Hi,long time no see.I am back again ^_^.
One question on numerical analysis,

GIVES:
To approximate \(f'(x)\),suppose first that \(x_0 \in(a,b)\),where \(f \in C^2[a,b]\),and that \(x_1 = x_0 + h \) for some \( h \neq 0 \) that is suffficiently small to ensure that \( x_1 \in [a,b]\).We construct the first Lagrange polynomical \(P_{0,1}(x)\) for f determined by \(x_0, x_1 \),with its error term:
\(f(x) = P_{0,1}(x) + \frac{(x-x_0)(x-x_1)}{2!}f''(\xi(x))
= \frac{f(x_0)(x-x_0-h)}{-h} + \frac{f(x_0+h)(x-x_0)}{h} + \frac{(x-x_0)(x-x_0-h)}{2}f''(\xi(x)),\)
for some \(\xi(x)\) in [a,b],Differenttiating gives
\(f'(x) = \frac{f(x_0+h)-f(x_0)}{h} + \frac{2(x-x_0)-h}{2}f''(\xi(x)) + \frac{(x-x_0)(x-x_0-h)}{2}D_x(f''(\xi(x))),\)
so
\( f'(x) \simeq \frac{f(x_0+h) - f(x_0)}{h} \)
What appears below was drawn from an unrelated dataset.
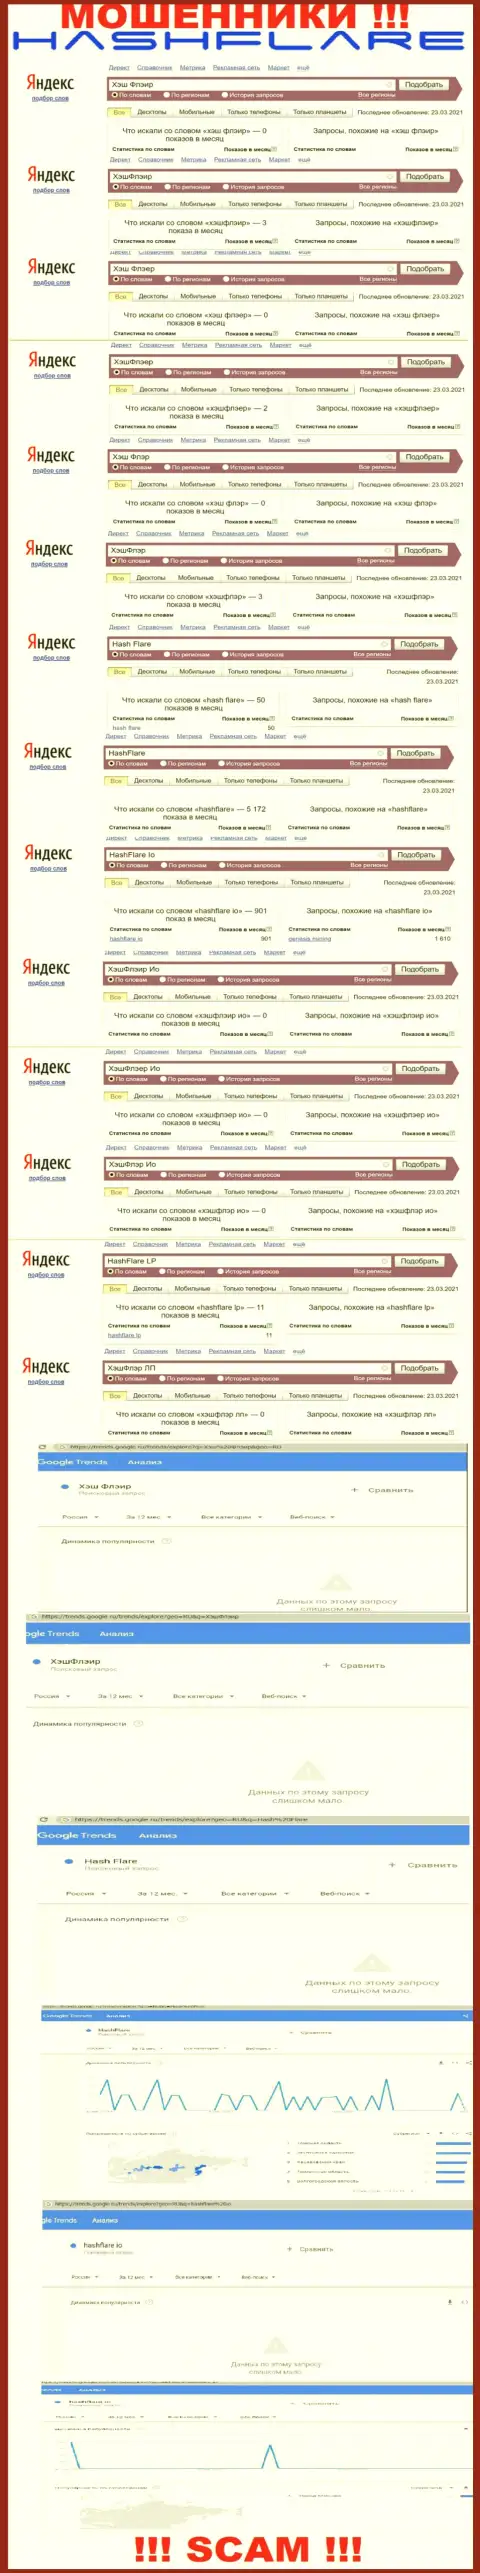 Количество онлайн-запросов в поисковиках интернета по бренду мошенников HashFlare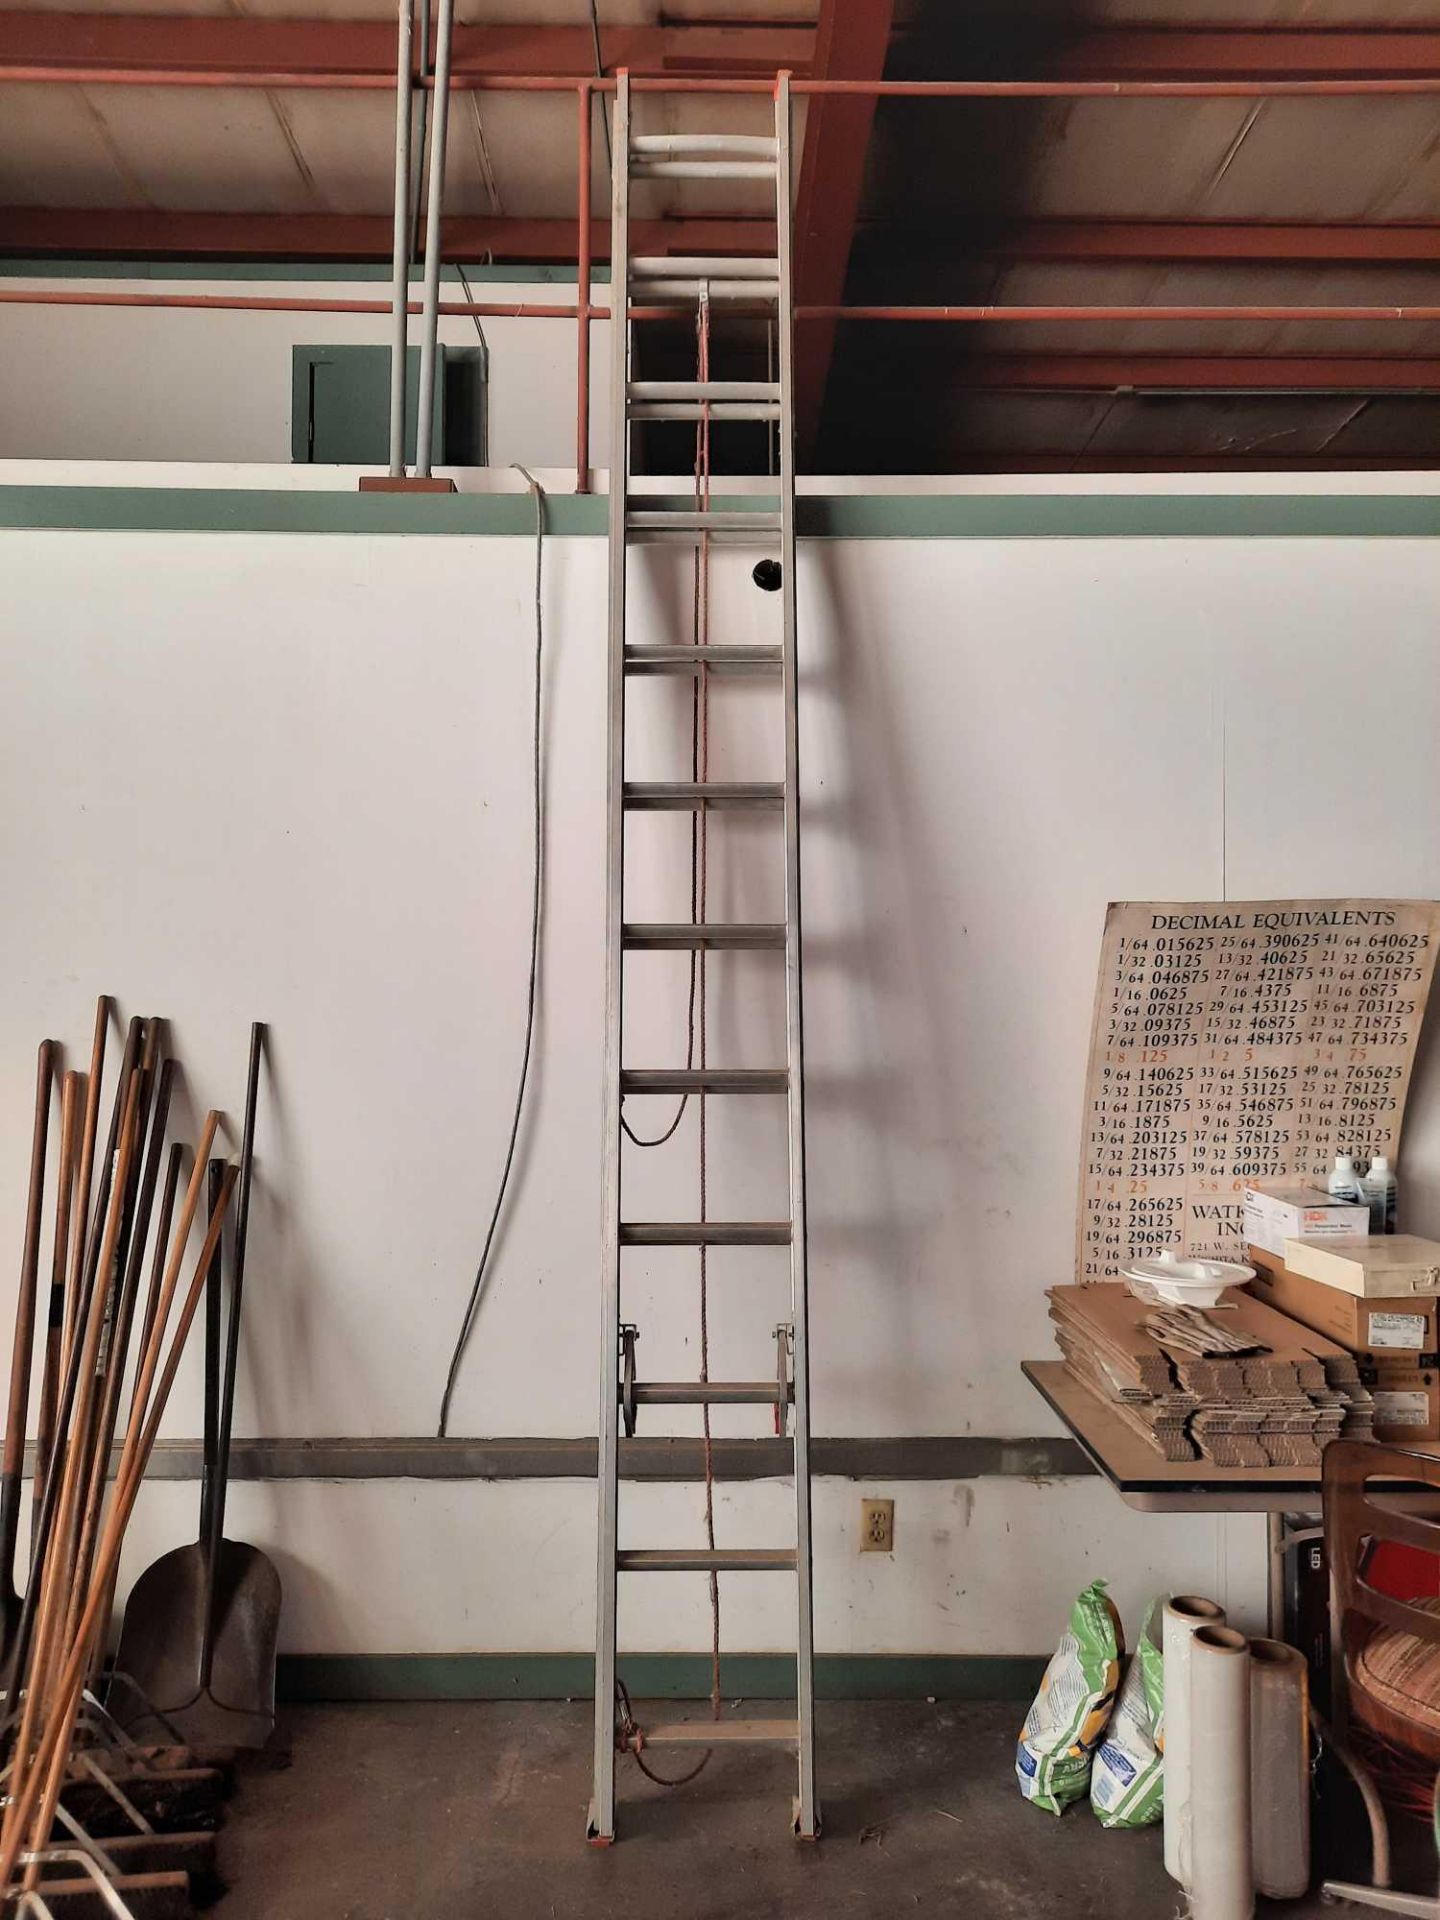 Werner 24 foot extension ladder, model D1124-2, 200lb capacity

Why we could ignore the last two part of the formula above, knowing nothing about \( f''(\xi(x)) \).

Thanks.

 

I can't say for sure, but it looks like your formula is using a Taylor's series error estimate for your Lagrange interpolating polynomial. To be able to discard the last two terms, your text must be assuming something about the magnitude of the 2nd derivative, perhaps that it is some constant multiple of h^2, which for small h would be very much smaller. Do you see any discussion like this in your text?